Grade and the CAS number
The CAS number identifies the substance, not the grade. The same CAS number applies to technical grade and to pharmaceutical grade of the same molecule. The grade is a separate specification layer above the substance identity.
For REACH and TSCA registration, the substance is registered by CAS number; the grade is specified in the marketing documentation but does not create a separate regulatory entity.
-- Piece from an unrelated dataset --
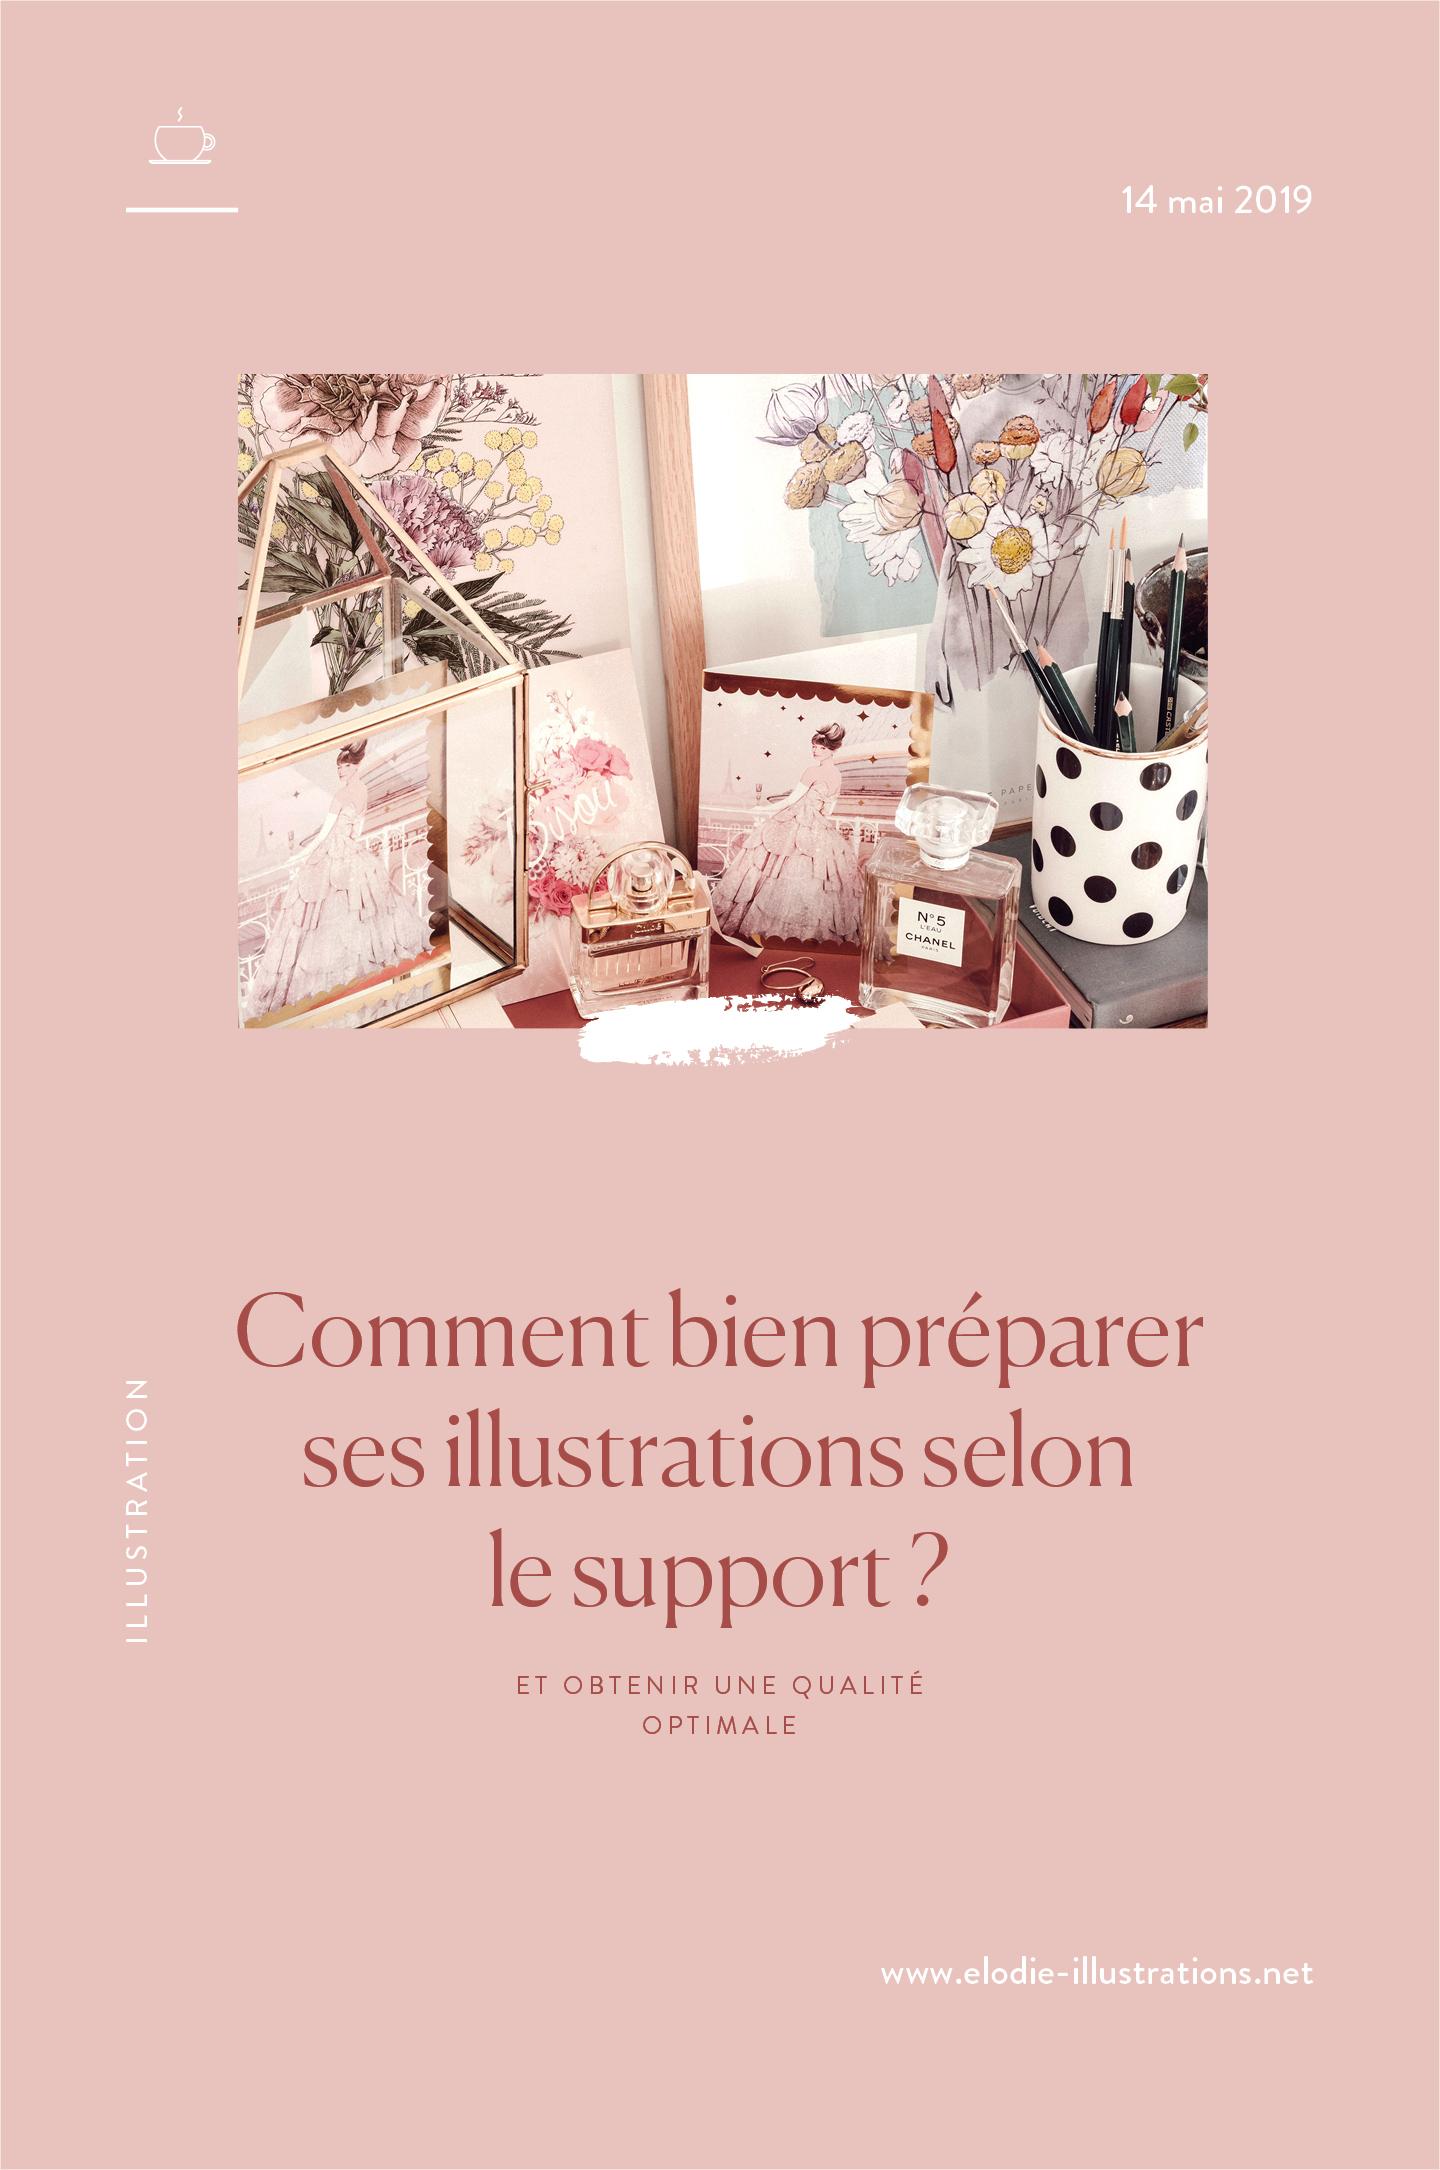 Comment bien préparer ses fichiers d'illustration pour obtenir une qualité optimale quelque soit le support | Cliquez pour découvrir l'article

A factory registered for technical-grade and pharmaceutical-grade of the same CAS number is registered for one substance, not two.
Related terms
COA is the per-batch quality certificate that confirms the grade. MSDS is largely grade-independent (the substance hazards are similar across grades). CAS Number identifies the substance regardless of grade. Factory Audit and Third-Party Inspection verify the factory’s grade-claim integrity. Batch Number tracks specific production runs.